Vous nous avez beaucoup parlé des entreprises, même si la défense globale ne se limite pas à cette question.
Je fais partie de ceux qui pensent que l'intervention de l'État pour sauver Atos a trop tardé. Contrairement à ce que vous avez expliqué tout à l'heure, mon point de vue ne résulte pas d'une méconnaissance du sujet ; je considère simplement que le Parlement n'a pas été informé assez précisément, tout au long de cette affaire, alors que nous sommes plusieurs députés de groupes différents à avoir réclamé des informations. Le dossier Atos mériterait à lui seul une audition, car l'affaire est complexe et comporte aussi une dimension affective – nous parlons en effet d'un patrimoine industriel français existant de longue date, comme celui de la société Bull.

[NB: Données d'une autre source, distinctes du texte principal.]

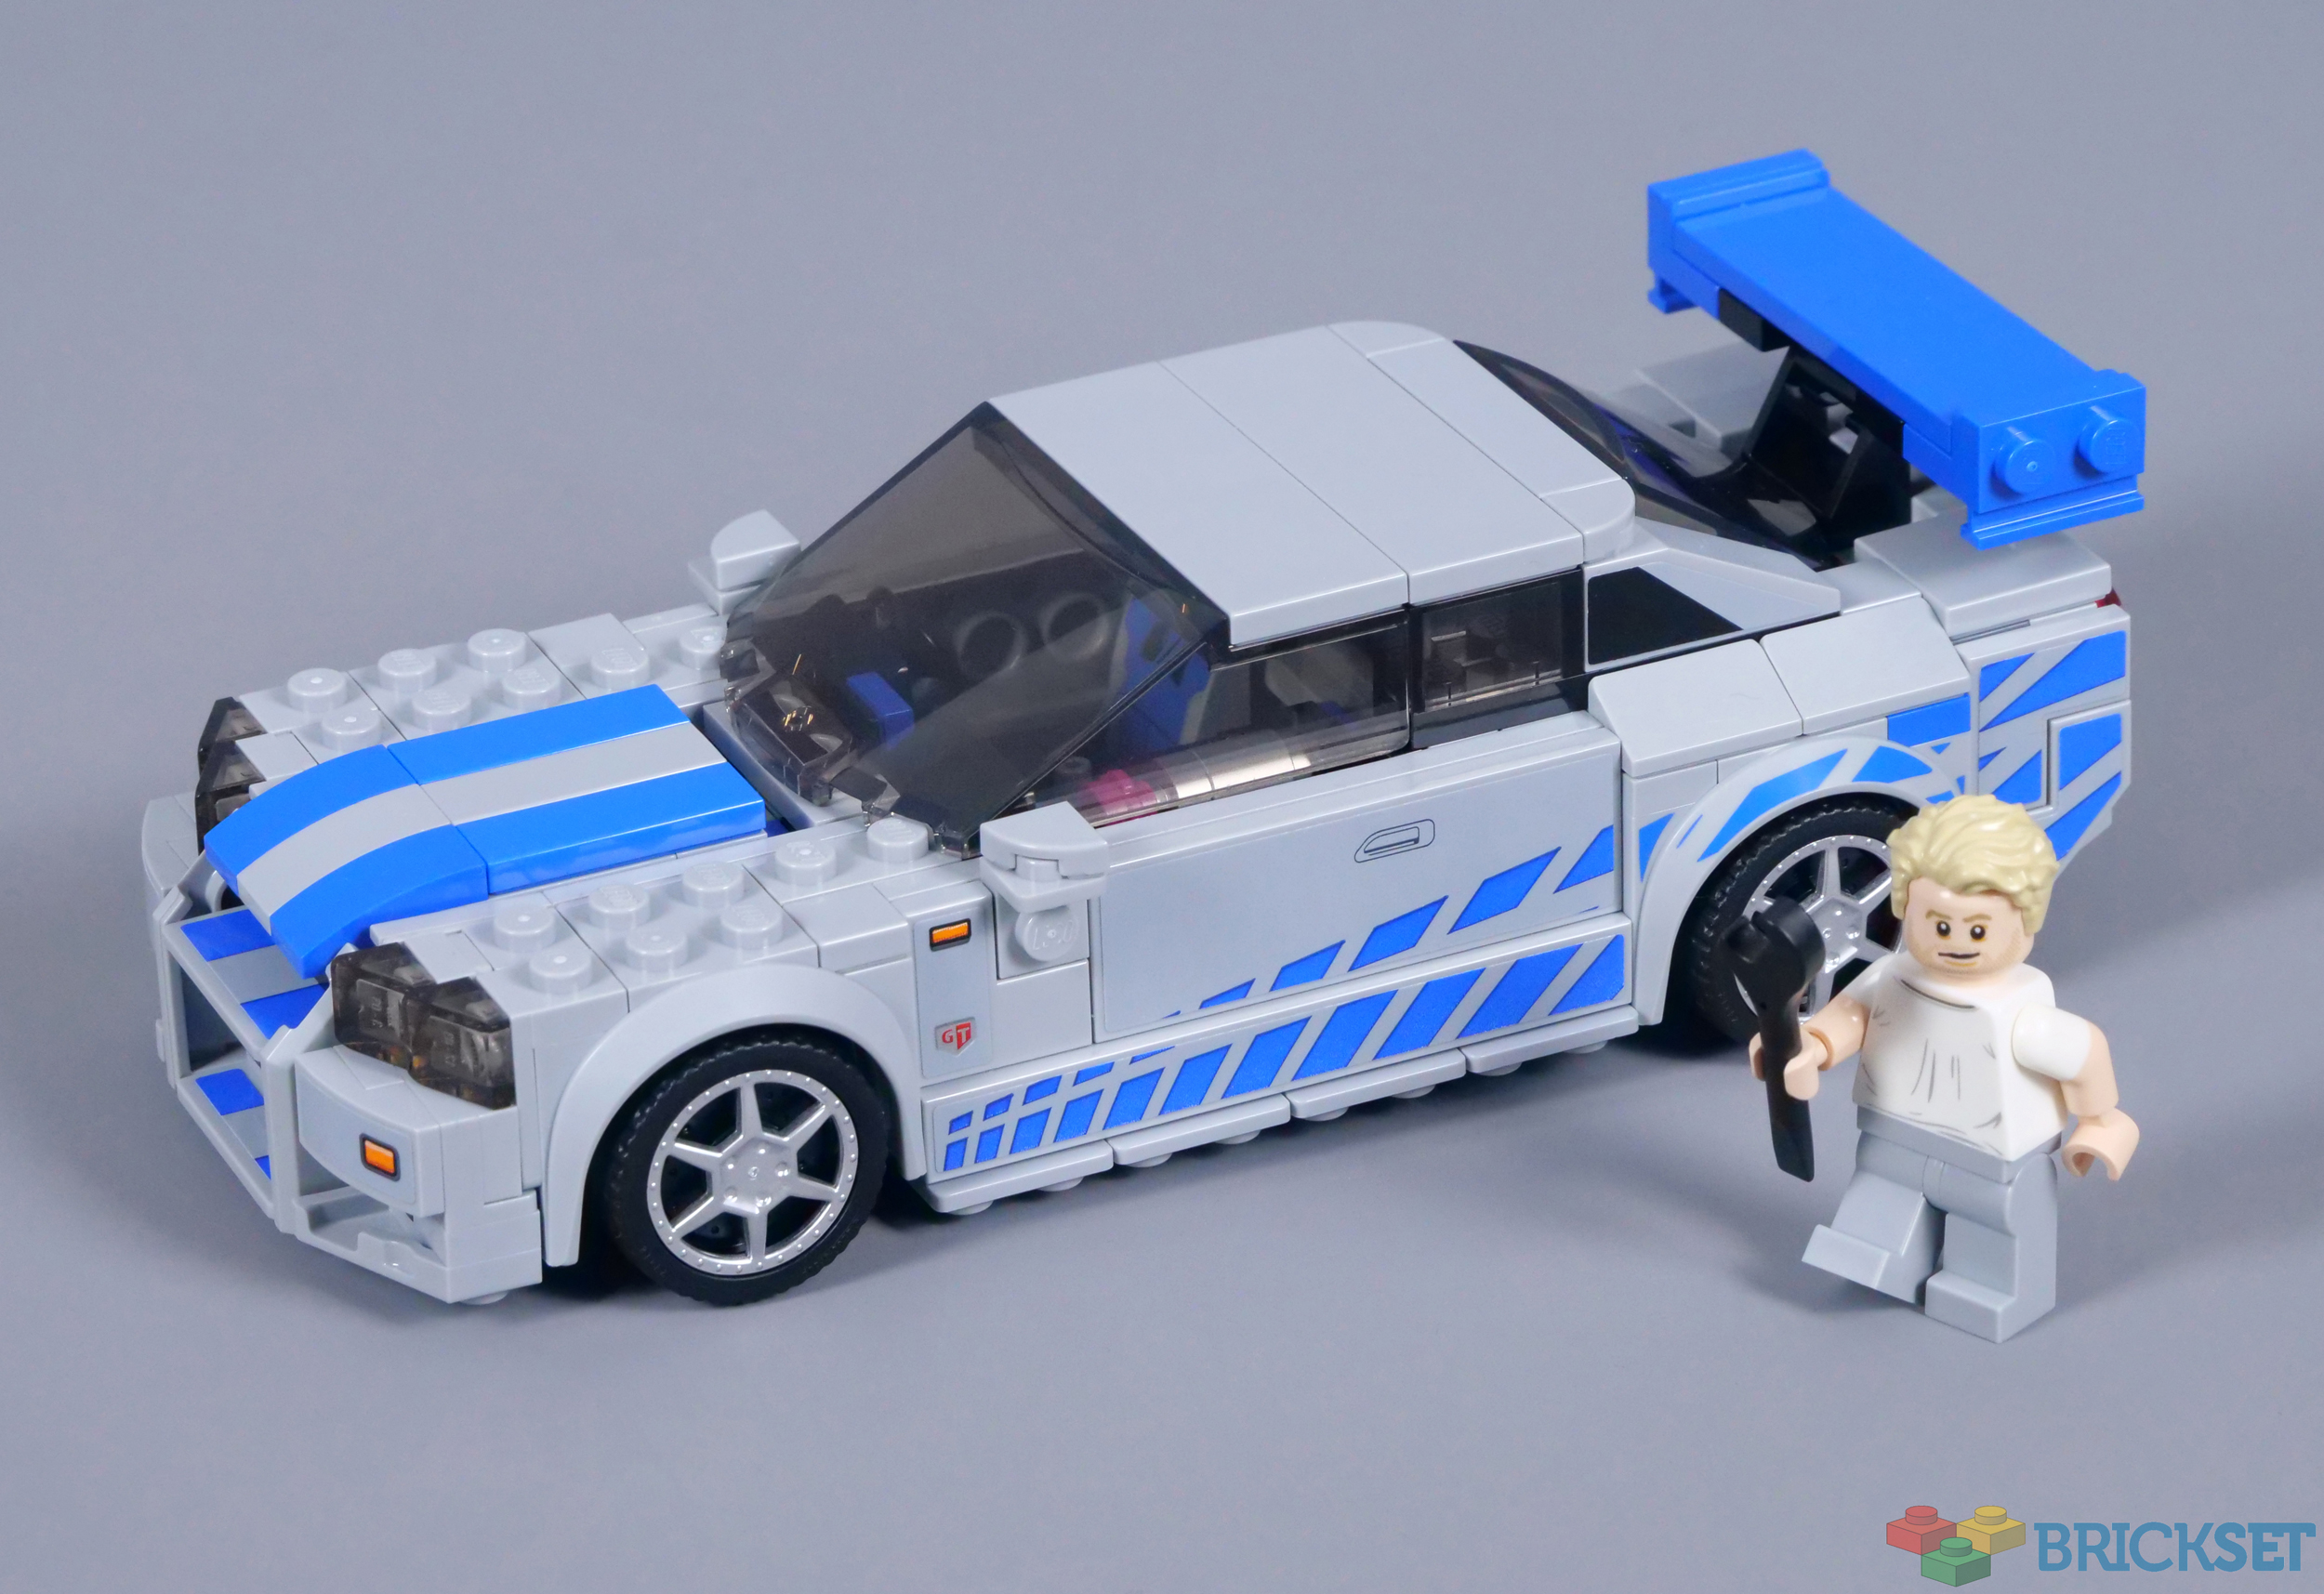 New Lego Speed Champions R34 Nissan GT-R '2 Fast 2 Furious' Comes

La situation des Forges de Tarbes illustre également le refus de l'État d'être stratège et pilote industriel, puisqu'il préfère laisser cette activité entre les mains du marché. L'entreprise poursuit la production de munitions engagée par Giat Industrie, un groupe détenu par l'État. Cette activité a été écartée de la sphère publique parce qu'elle n'était pas assez rentable et n'utilisait pas de technologies à haute valeur ajoutée ; or on découvre aujourd'hui que des systèmes d'armes sophistiqués à plusieurs millions d'euros sans munitions ne servent pas à grand-chose. Les Forges de Tarbes n'arrivent pas à produire les obus de 155 millimètres dont nous avons besoin et dont ont besoin nos partenaires extérieurs, notamment nos alliés ukrainiens. Il convient, à mon sens, de dépasser la posture consistant à tenir la puissance publique à l'écart de toute logique industrielle : l'État doit s'impliquer dans de telles logiques dans le secteur de l'armement, faute de quoi nous nous retrouverons dans des situations complètement ubuesques.
Même pour le ministère des finances, la défense globale ne doit pas se limiter aux entreprises : elle concerne aussi les collectivités territoriales, dont les bases fiscales ont été méticuleusement sabrées. Les conseils départementaux ont été transformés en agences immobilières, puisque leurs seules recettes sont désormais les droits de mutation, et les communes sont mises à la peine.
Enfin, selon des données datant de la fin du mois d'avril, la dette souveraine française est détenue à plus de 53 % par des acteurs étrangers, sans que nous ayons plus de précisions. Nous avons besoin de moyens publics permettant de tracer notre dette. Si nous n'y prenons pas garde, ce sujet pourrait constituer un facteur de déstabilisation très important.